Wood: Prisoners Spending More Time Locked in Cells

Plaid Cymru AM Leanne Wood has expressed her concern at the amount of time Welsh prisoners are spending locked in their cells.

A Freedom of Information request found that the average number of hours that prisoners are allowed out of confinement has fallen for the last five years running.

On average, prisoners in Welsh jails were allowed out for nearly ten-and-a-half hours every day in 2004/05.  This dropped to 9.35 hours in 2008/09.  Usk/Prescoed has shown the most marked decrease with inmates allowed out for 11.69 hours in 2008/09, compared to 13.86 hours a day the previous year.

The privately-run Parc Prison near Bridgend also saw a significant drop with prisoners spending, on average, an hour less out of their cells in 2008/09 when compared to three years previous.

The news comes a few months after research by Ms Wood’s office discovered that spending on education in Welsh prisons declined by seven per cent over 12 months.

Leanne Wood, who represents the South Wales Central region, said: “These figures are a concern because it seems that prisoners in Wales are, on average, spending more and more time locked in their cells.
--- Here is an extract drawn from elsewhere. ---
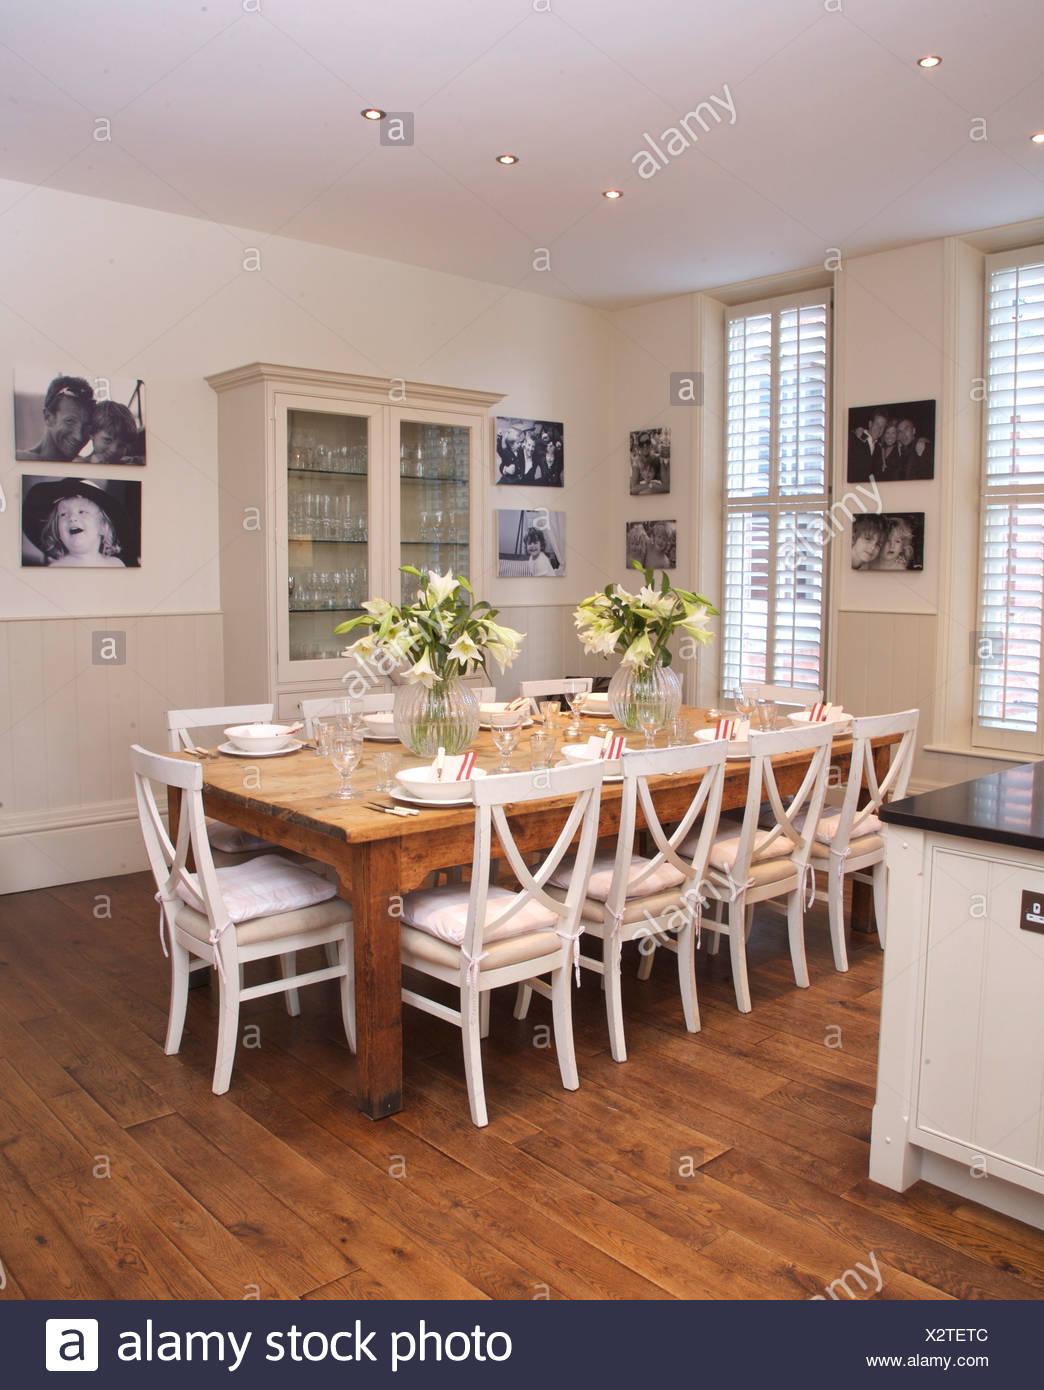 https www alamyimages fr chaises blanches a table simple en bois blanc moderne en cuisine salle a manger avec parquet et noir blanc des photographies image277133708 html
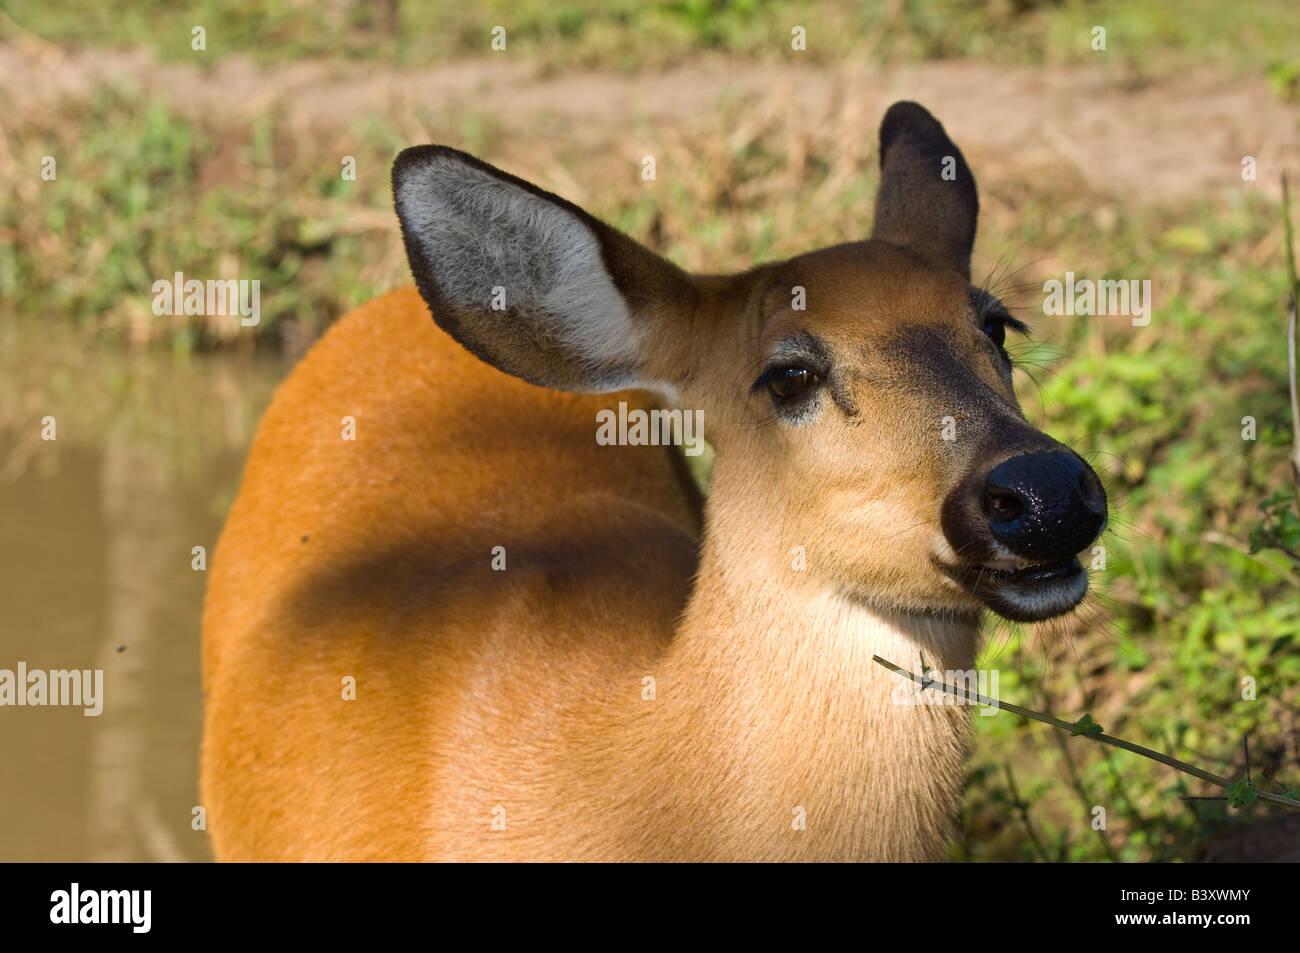 Captive Pampas Deer Ozotoceros bezoarticus in Mato Grosso do Sul Brazil Stock Photo

“Being sent to prison should not just be about punishment.  Rehabilitation must be crucial component of a sentence custodial if anything is to be done to break the cycle of offending among some of the more persistent criminals.

“Public spending cuts that are planned will undoubtedly mean that fewer rehabilitation programmes will be run, resulting in more people remaining at risk of further offending when released.”

In her policy paper ‘Making Communities Safer’ from 2008, Ms Wood wrote: “We recognise that prison will be an inevitable outcome for some offenders.

“Prisoners should be entitled to a basic minimum standard of health, education, rehabilitation and resettlement services while serving their sentences and on release.

“Each prisoner should have an individual offending behaviour reduction plan aimed at avoiding future incarceration.”

In the paper, Ms Wood also called for powers to deal with police, prisons, probation, the courts and sentencing to be devolved to the Welsh Assembly, adding: “Under these circumstances, a Plaid Cymru government would pursue an alternative criminal justice strategy, focussing on tackling the causes of crime, reducing fear of crime and thereby making our communities safer.”